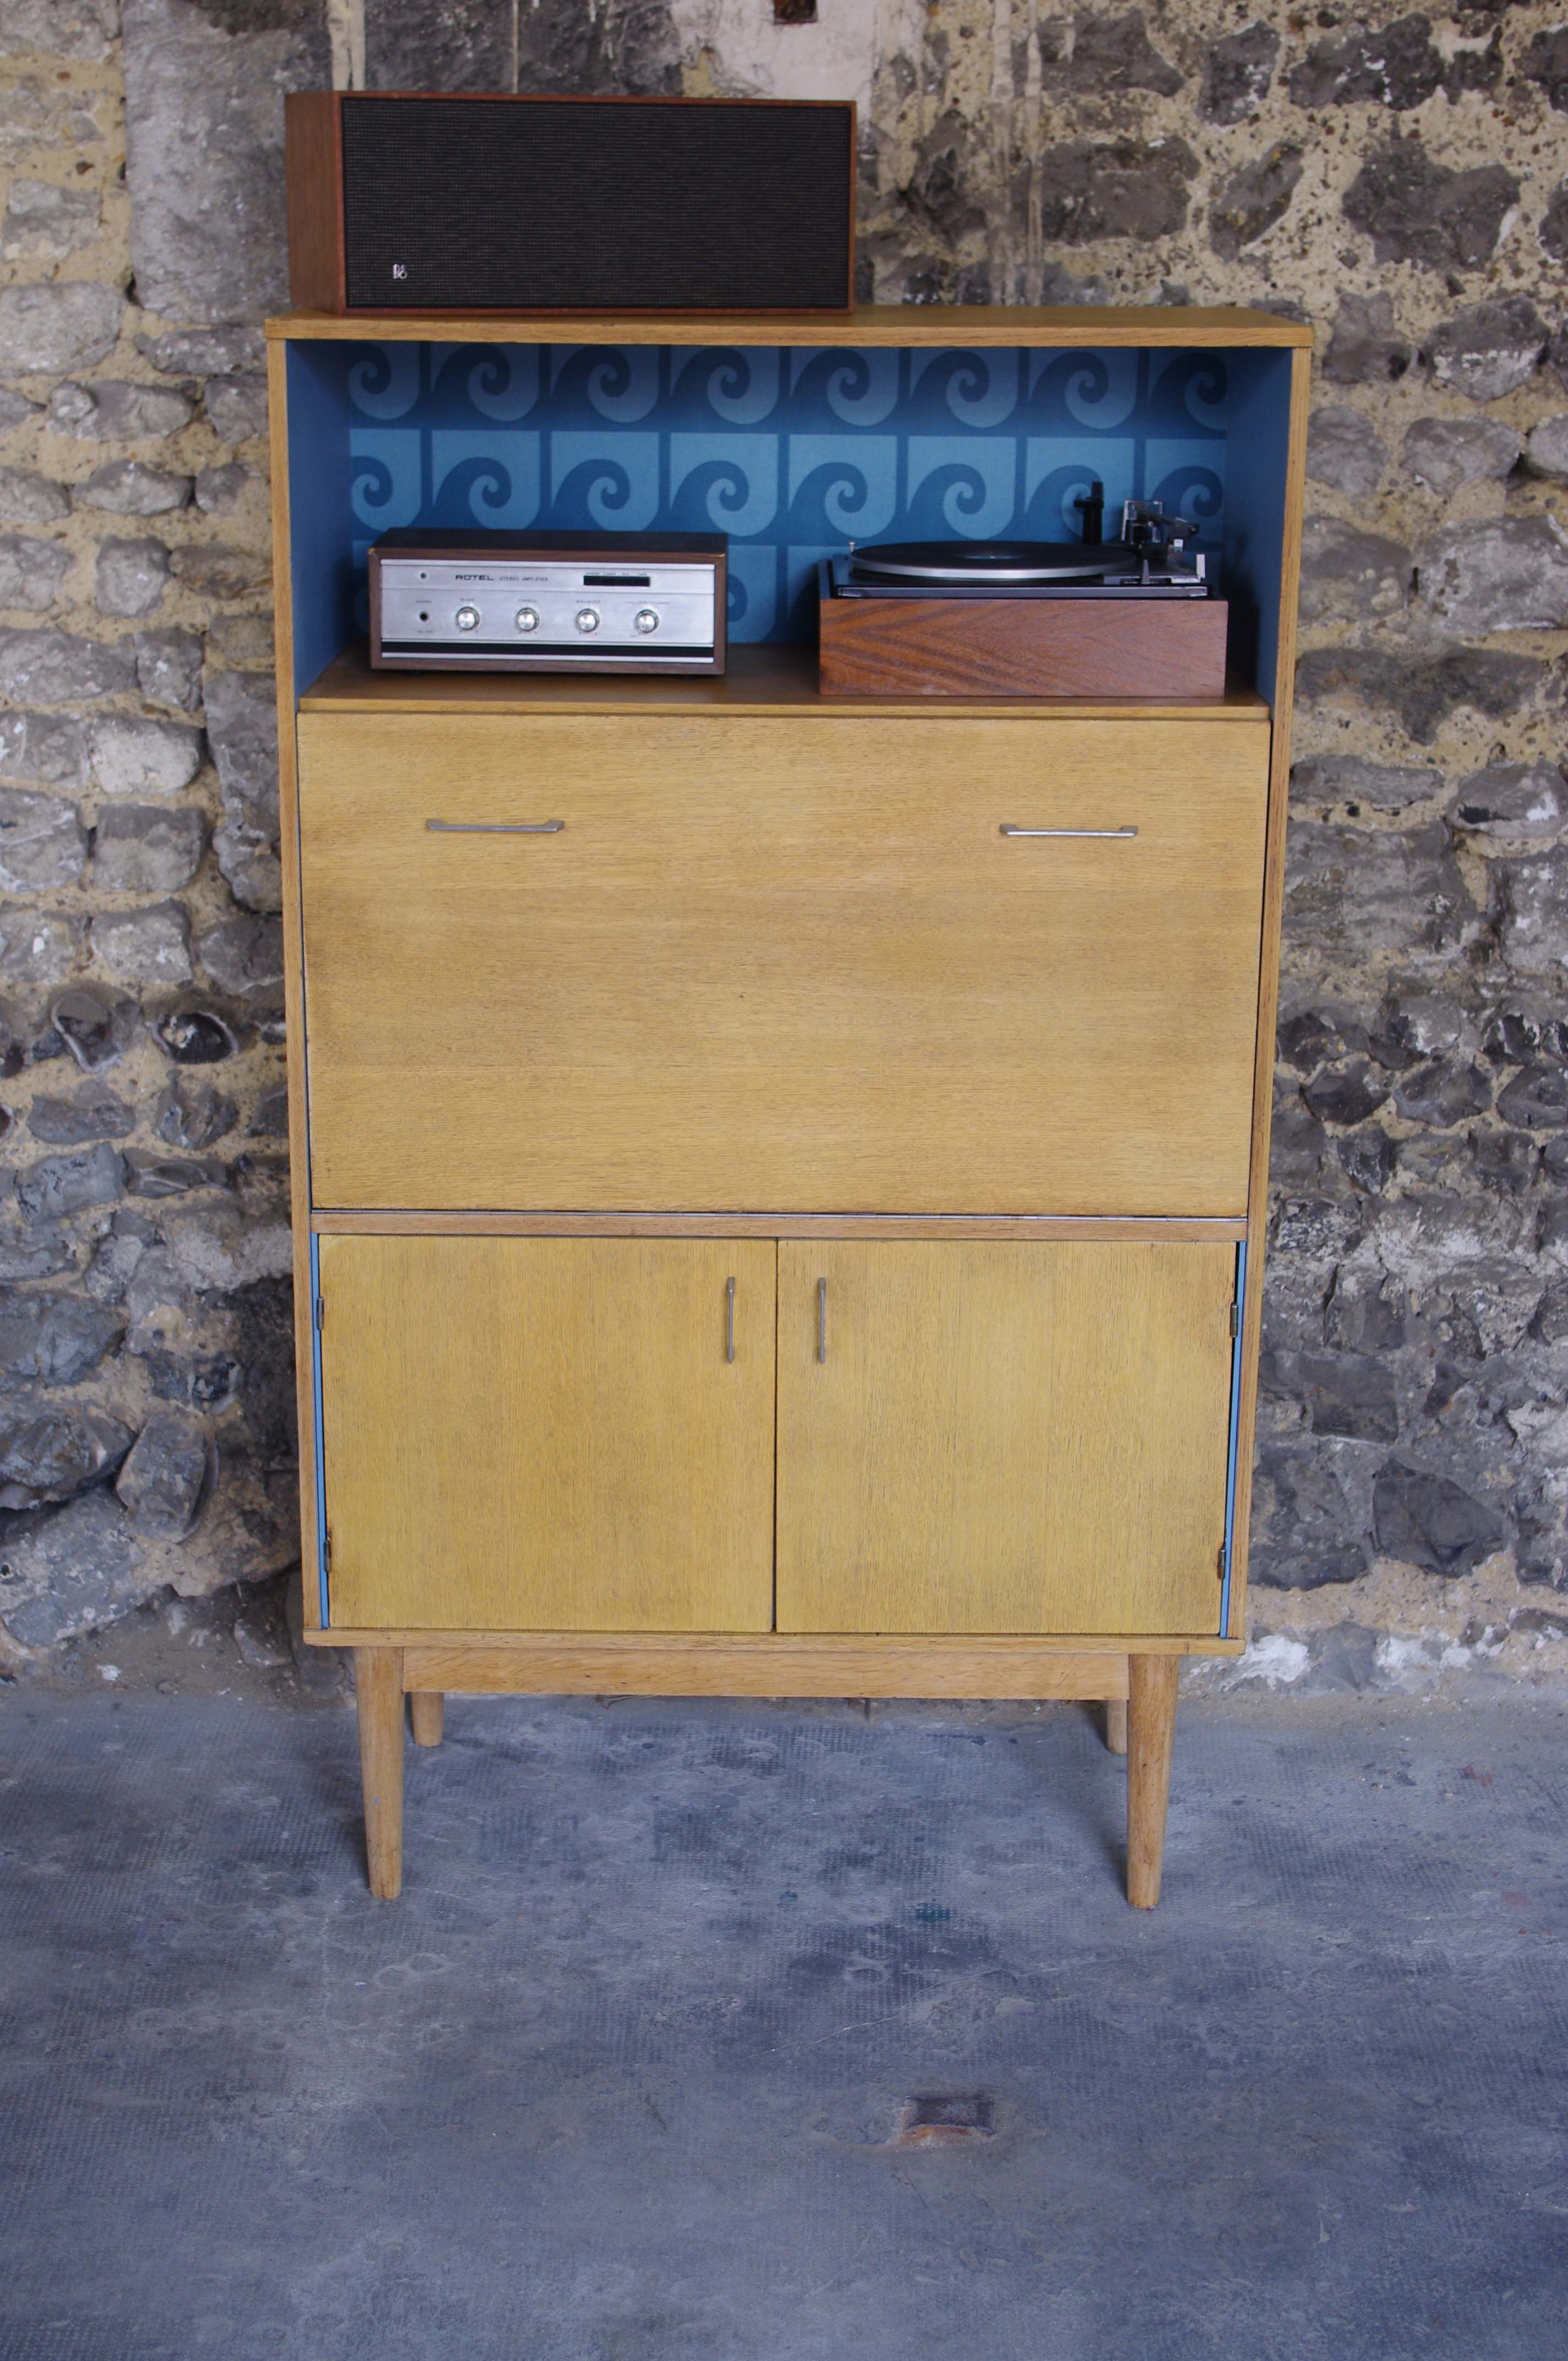 secr taire biblioth que vintage pierre cardin wave 3 rayr concept mobilier vintage. Black Bedroom Furniture Sets. Home Design Ideas
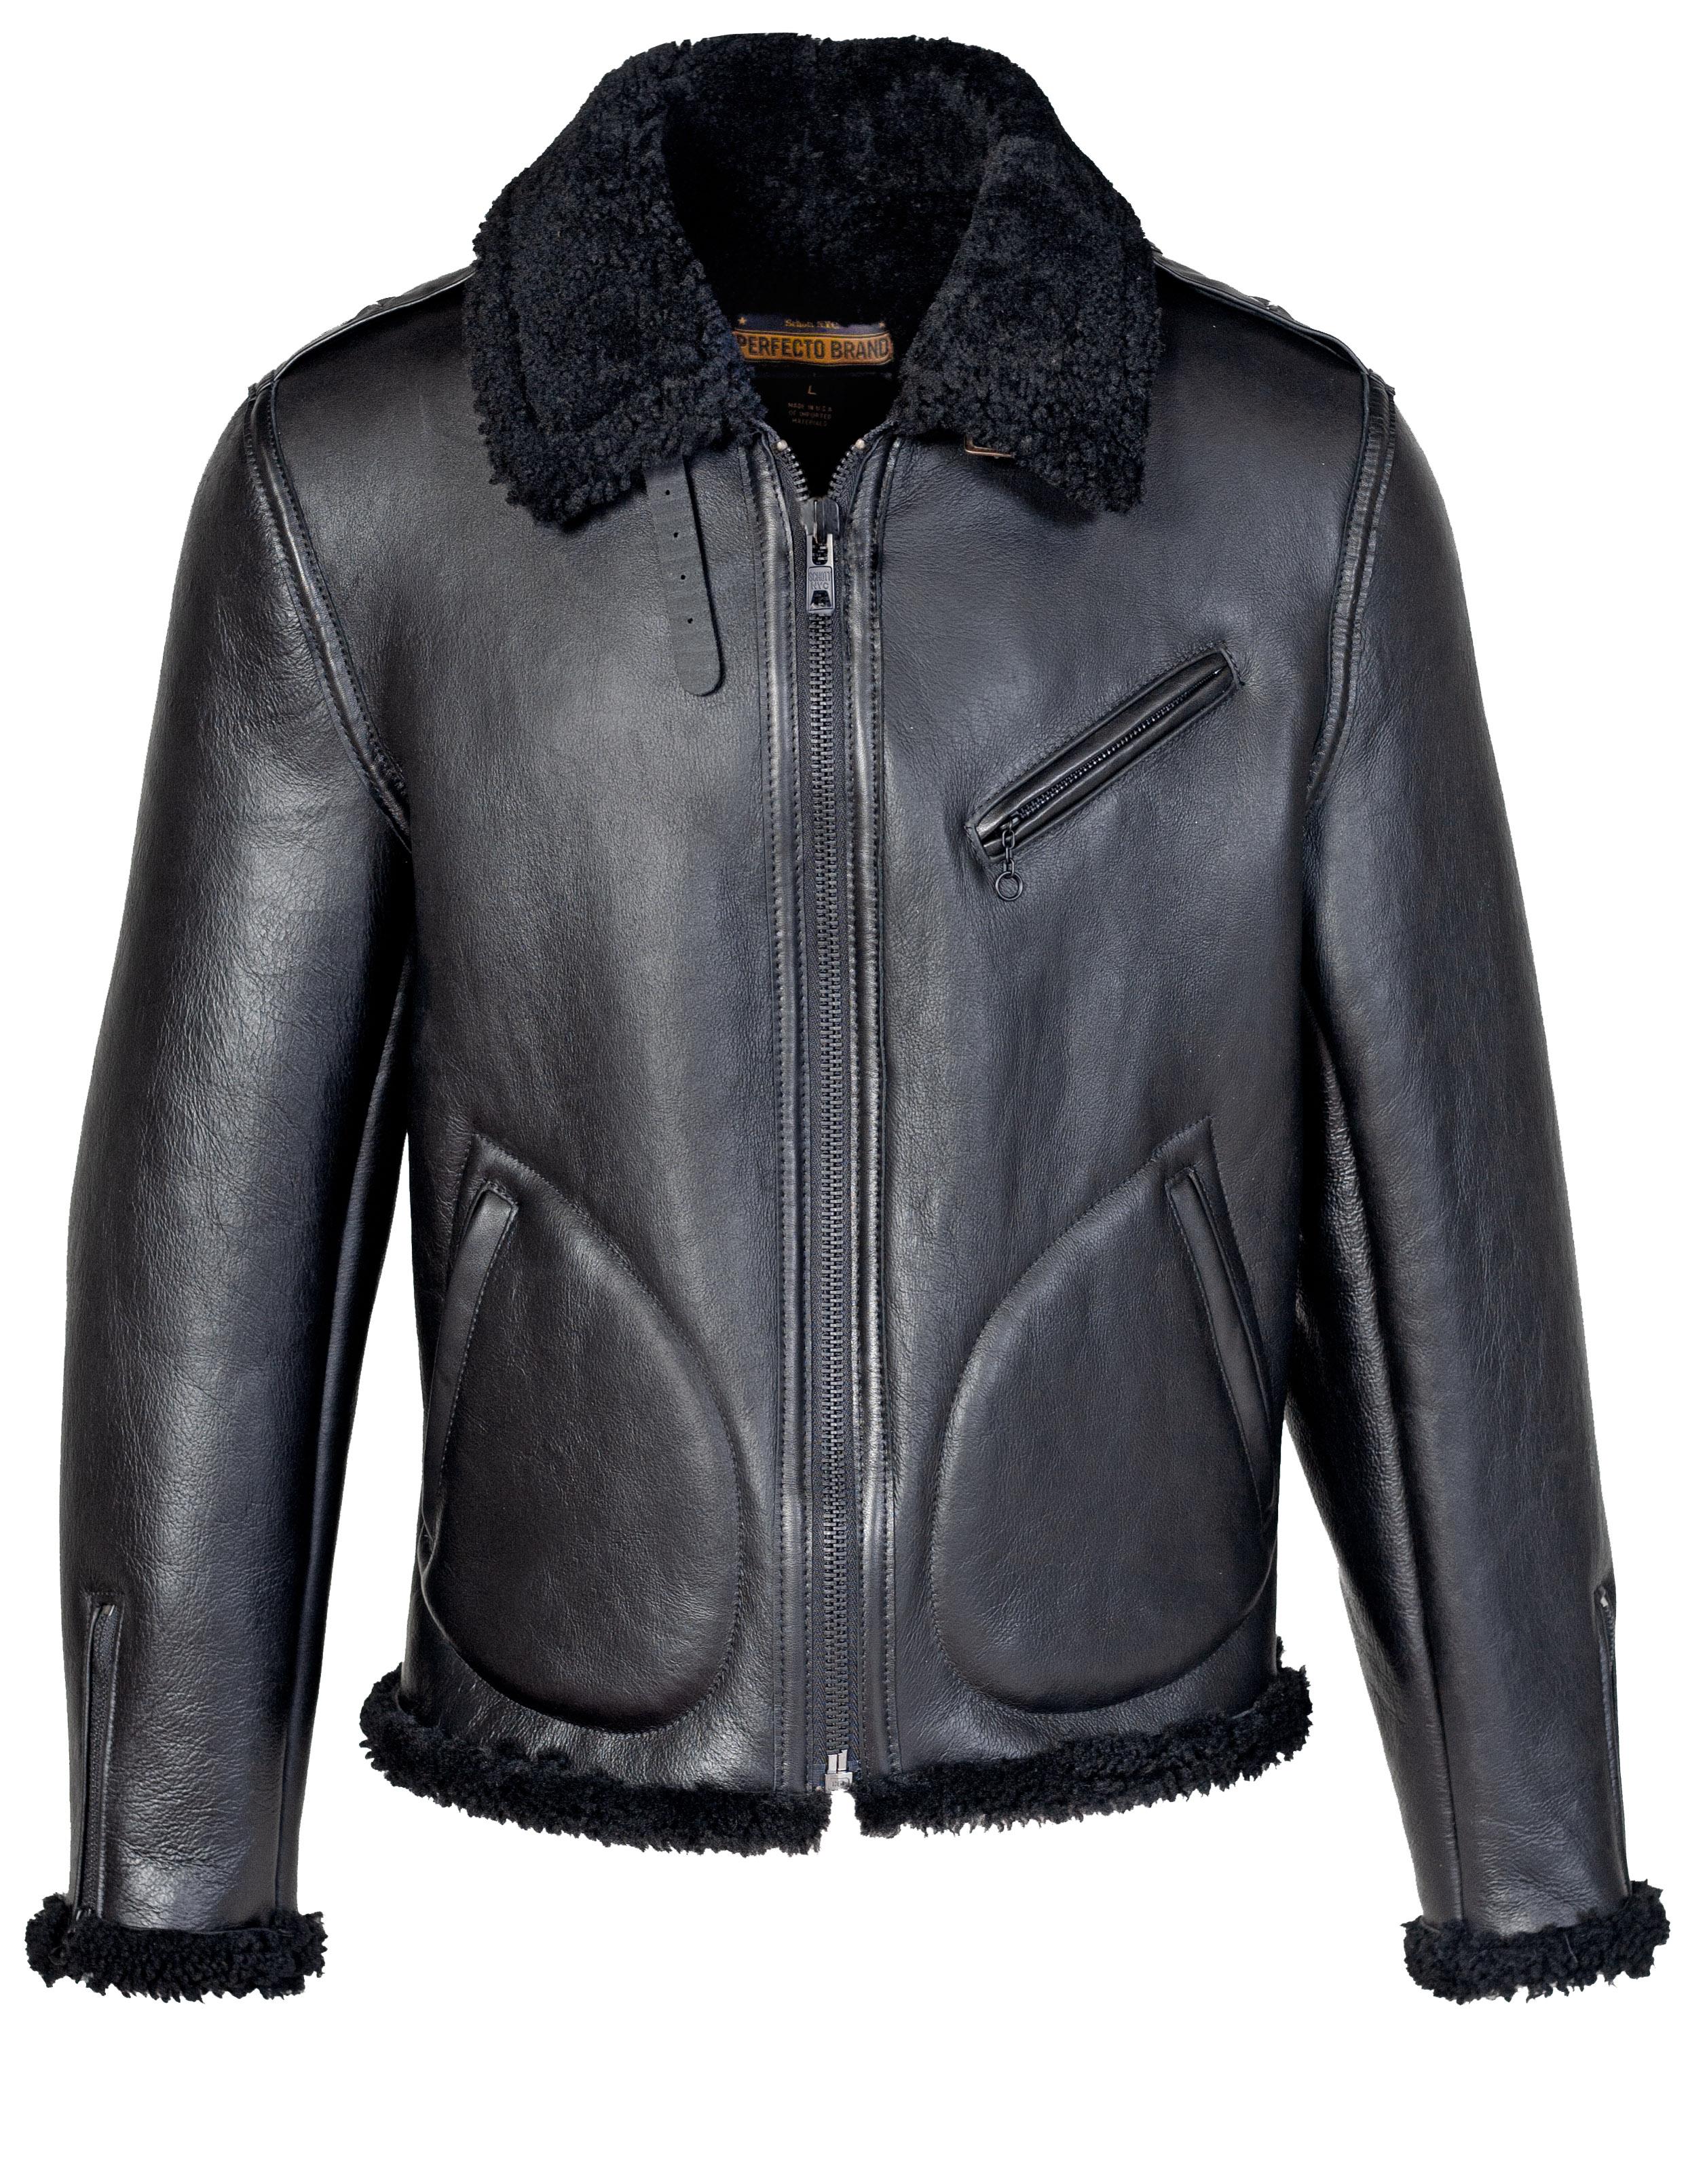 Perfecto® Brand P216S Men's Genuine Sheepskin Biker Jacket
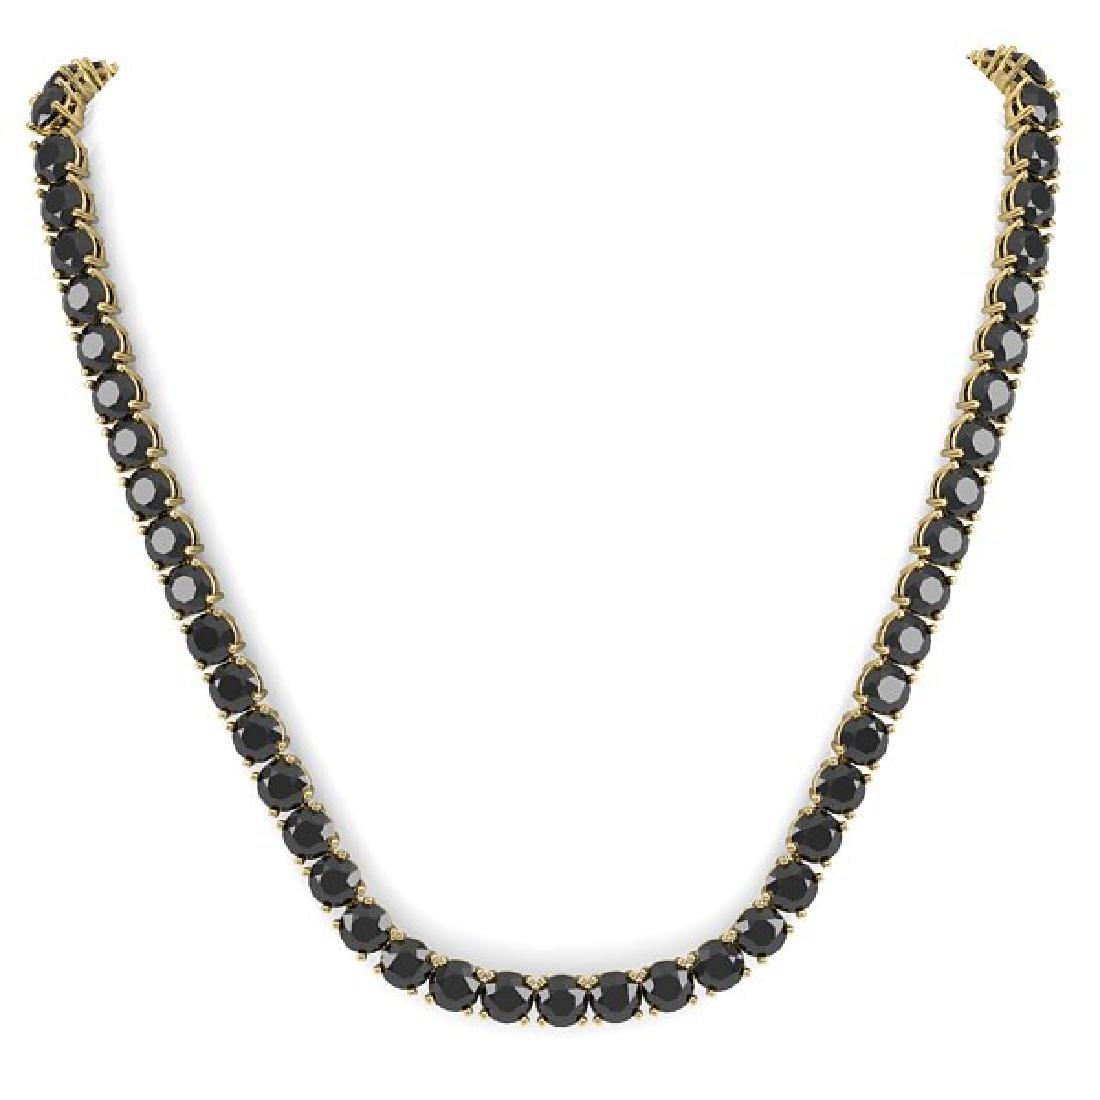 40 CTW Certified Black VS Diamond Necklace 18K Yellow - 3

What to do: What is needed is the listing above, repeated verbatim, without its images.

Result for this task:
 secr taire biblioth que vintage pierre cardin wave 3 rayr concept mobilier vintage. Black Bedroom Furniture Sets. Home Design Ideas
 Perfecto® Brand P216S Men's Genuine Sheepskin Biker Jacket
 40 CTW Certified Black VS Diamond Necklace 18K Yellow - 3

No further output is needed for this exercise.